Machine Learning Day
:
Detecting anthropogenic cloud perturbations with deep learning
Event Type
Machine Learning Day
Passes
TimeWednesday, June 24th2:45pm - 3:15pm
LocationPanorama 3
DescriptionTwo of the most pressing climate questions we currently face are that of the effect of anthropogenic aerosol on the climate system, and the feedbacks which clouds exert on the changing climate. The large uncertainties in both effects hinder our efforts to accurately predict future climate warming.

Aerosols provide the `seeds' on which cloud droplets form, and changes in the amount of aerosol available to a cloud can change its brightness and other physical properties such as optical thickness and spatial extent. Large uncertainties in this effect persist because of the difficulty in measuring the very small changes in cloud properties due to aerosols as compared to the main, meteorological, drivers of cloud formation.

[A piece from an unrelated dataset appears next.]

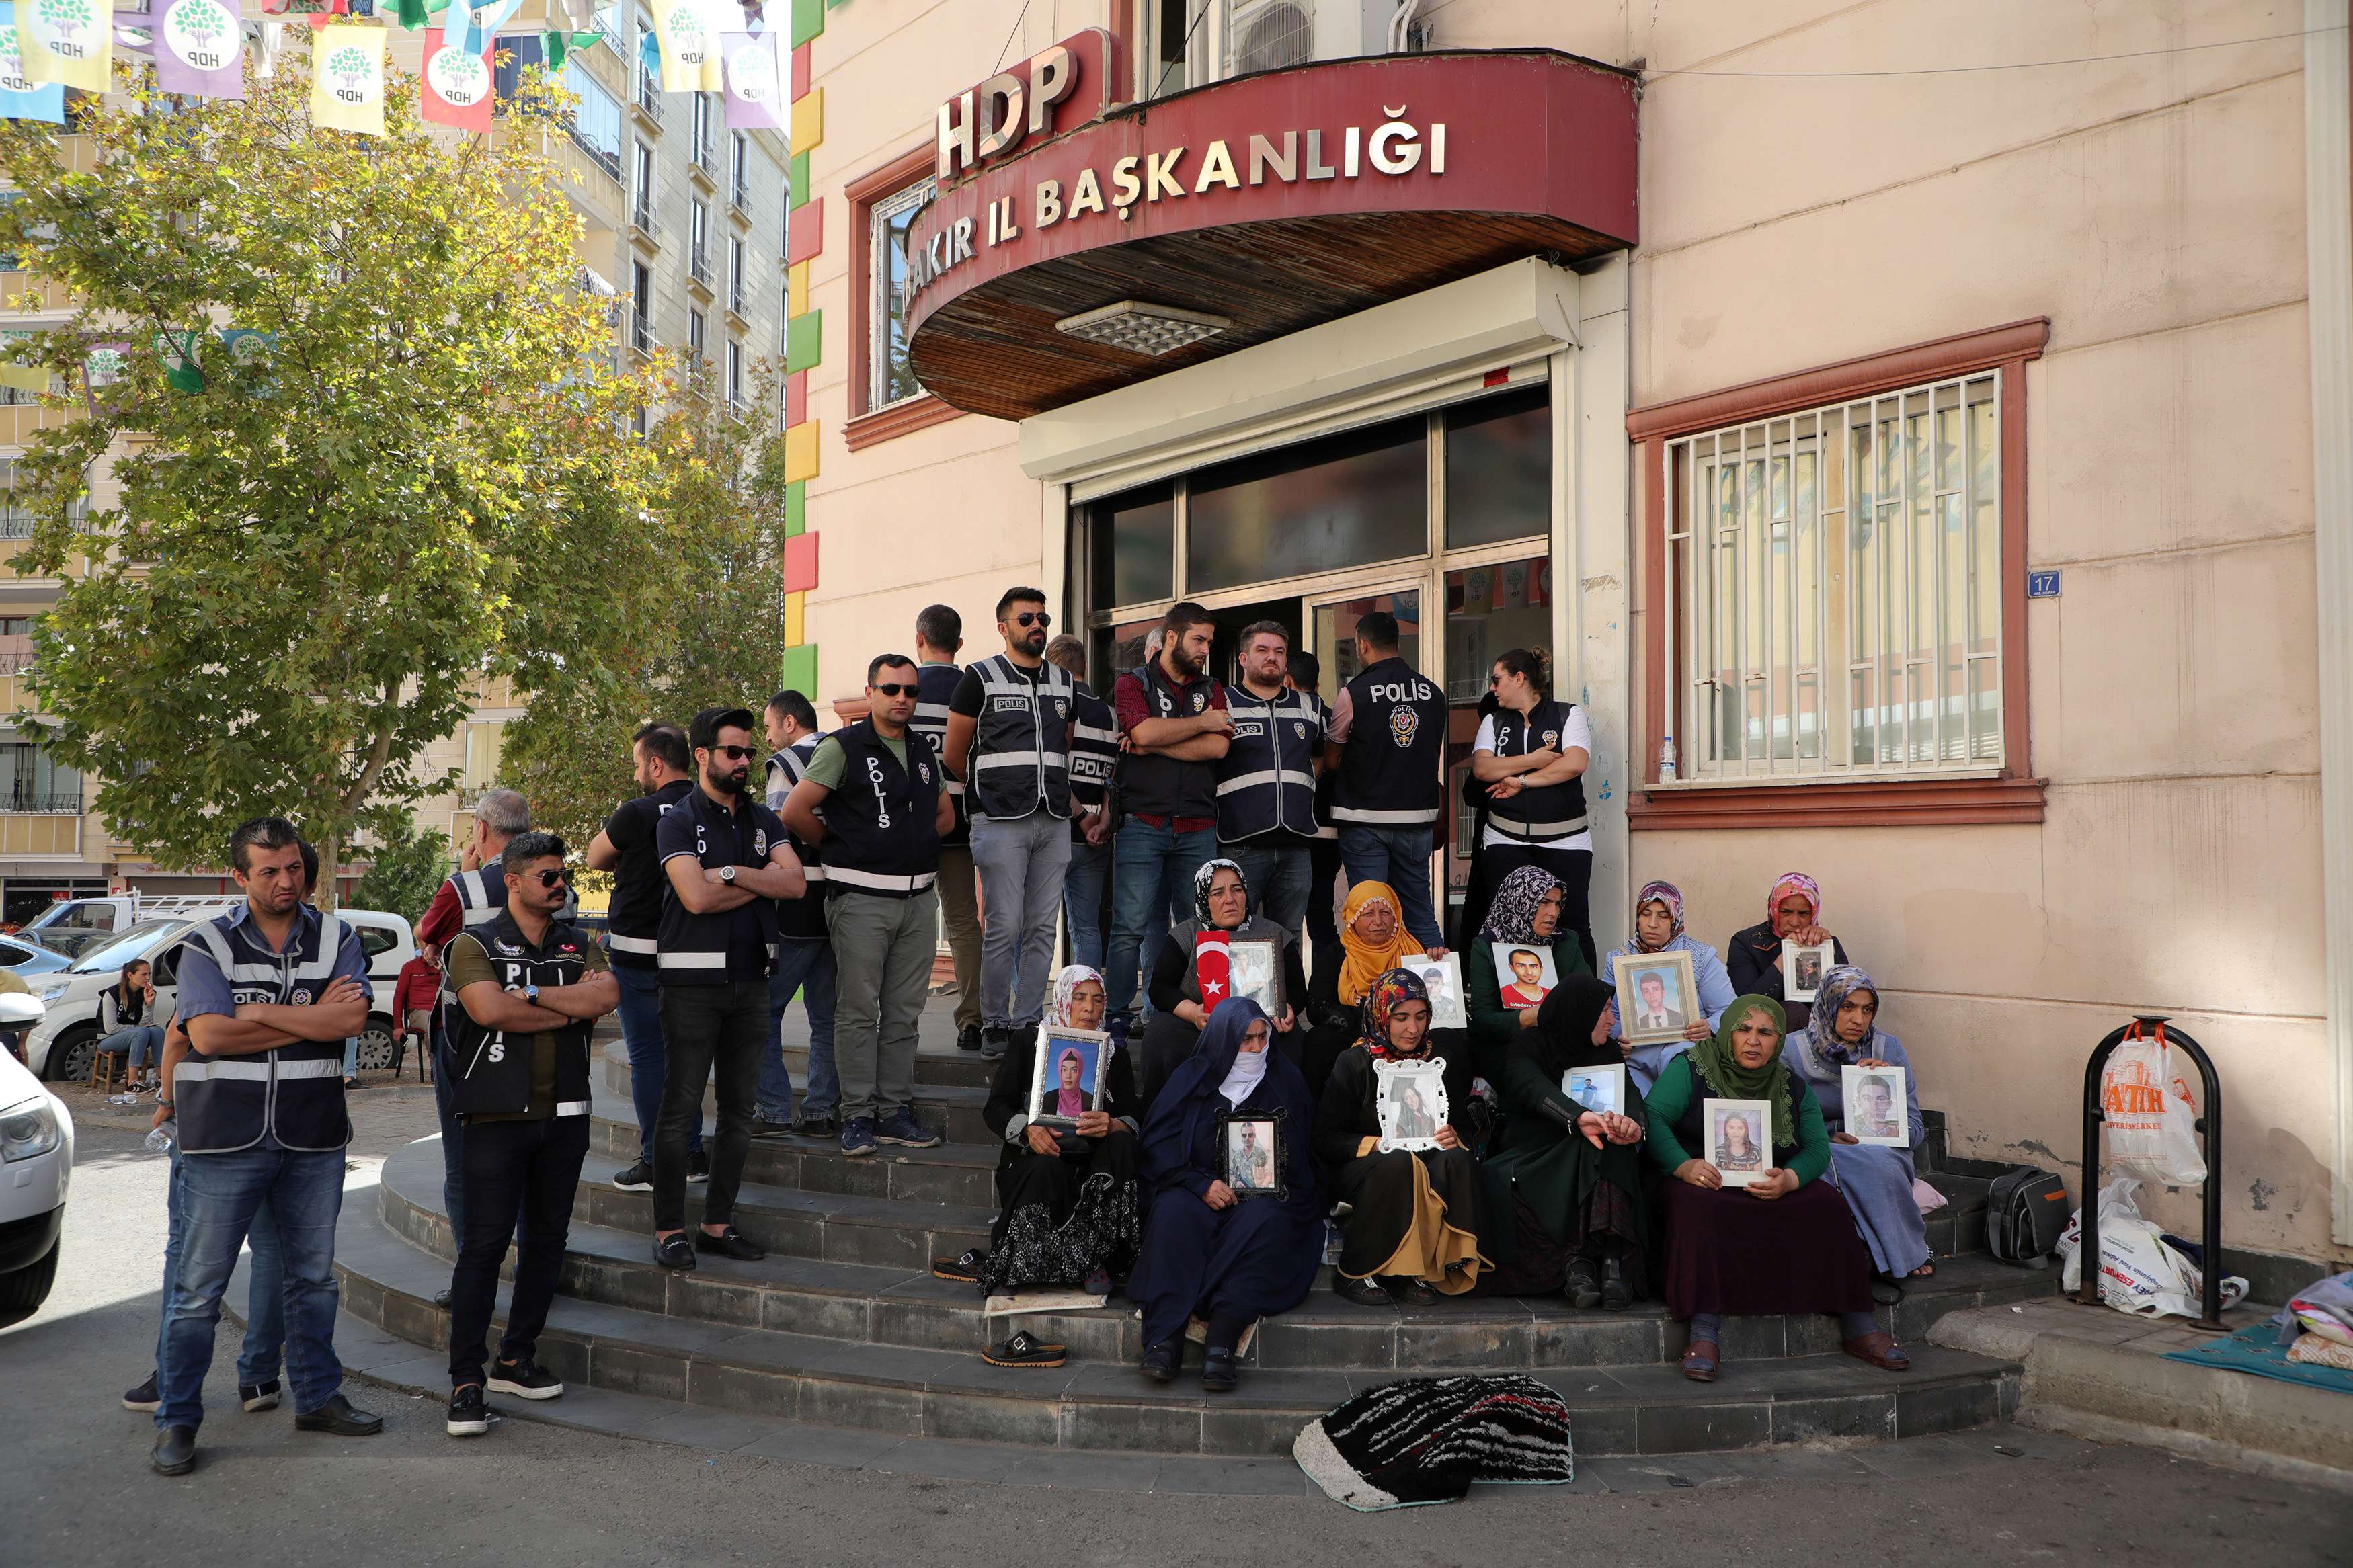 احتجاجات امام مقر حزب الشعوب الكردي تنظمها الدولة التركية لتشويه سمعة الحزب

Clouds play a large role in moderating global temperatures and so even these small perturbations can lead to significant amounts of cooling or warming over long timescales.

Here we will describe recent work using deep convolutional neural networks to look for two particular perturbations in clouds due to anthropogenic aerosol and assess their properties and prevalence, providing valuable insights into their climatic effects. We will also discuss a semi-supervised approach to cloud classification combining existing, complementary satellite observations and providing an improved understanding of the cloud-climate system. New machine learning tools could allow us to unpick these relationships, determine the role of aerosol in driving cloud properties and hence improve our understanding of the changing climate.